Duchamp began with two basic premises: (1) the next URL to be requested by a client is likely to be one embedded as a hyperlink in one of the last few pages requested by that client, and (2) past access patterns of a large population of clients are likely to be relevant to a particular client.

The basic method is:

1. The client sends to a page's server a record (called a "usage report") detailing which of that page's hyperlinks it referenced.

2. The server aggregates such information from many clients.

3. When responding to a GET, the server attaches a summary (called a "usage profile") of past usage reports for that page.

4. On the basis of a page's usage profile, the client decides whether to prefetch any of its hyperlinks. Usage reports and profiles are passed via a new HTTP extension header.

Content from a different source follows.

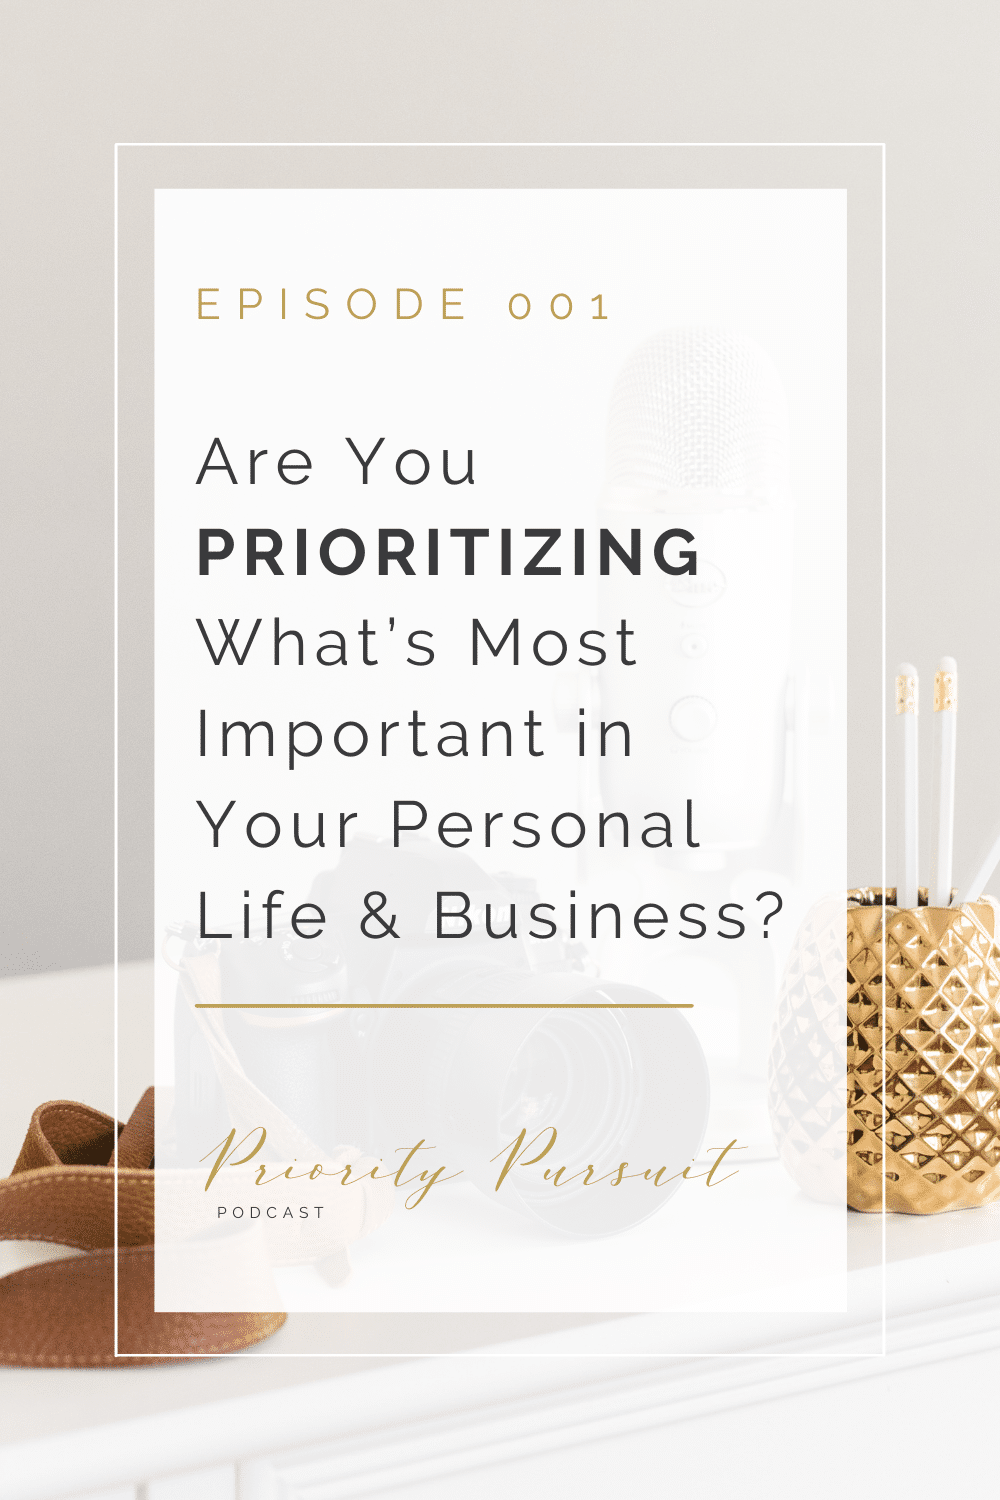 Episode 001 of The Priority Pursuit Podcast helps you assess whether or not you’re prioritizing what’s most important in your personal life and business

The paper presents a brief but comprehensive summary (not included in the presentation) of related research in the extensive area of prefetching, which falls into three categories: software systems; algorithms, simulations and/or prototypes; and methods establishing bounds. The features distinguishing Duchamp's method from previous work were: it has been implemented; how information on access patterns is shared by the server over clients; occurs in near-realtime; is client-configurable; many previously uncachable pages can be prefetched; both client and server can cap operations to limit impact on overhead and bandwidth; and it operates as an HTTP extension.

The overall results were very positive: client latency improved greatly (slightly over 50%), and less of the cache was wasted (about 60% of prefetched pages were eventually used).

Both client and server modifications can be implemented as proxies, eliminating the need to alter browsers or Web servers; however, there are disadvantages to a client proxy.

Other "gotchas" were: time-dependent accesses; objects set with zero expiration time; inaccessible HTML; sabotage (using prefetching to overload the network); privacy concerns; and the fact that usage patterns are beginning to have commercial value, raising payment issues.

The server-side implementation is a proxy based on W3C's HTTPd. Two client-side implementations exist: a modification of the Mozilla browser from Netscape and a proxy based on HTTPd. Performance was evaluated for prefetch accuracy, client latency, network overhead, program space overhead, and program time overhead.

Mining Longest Repeating Subsequences to Predict World Wide Web Surfing
Jim Pitkow and Peter Pirolli, Xerox PARC

This was a somewhat theoretical examination of the topic of predicting user "surfing paths," the sequence of Web pages that a given user will visit within a given Web site. The goal of the research was to develop a model that had limited complexity while retaining high predictive accuracy. The utility of predicting users' surfing has applications in improved searching, better recommendations for related sites, latency reduction through prefetching, and Web-site design.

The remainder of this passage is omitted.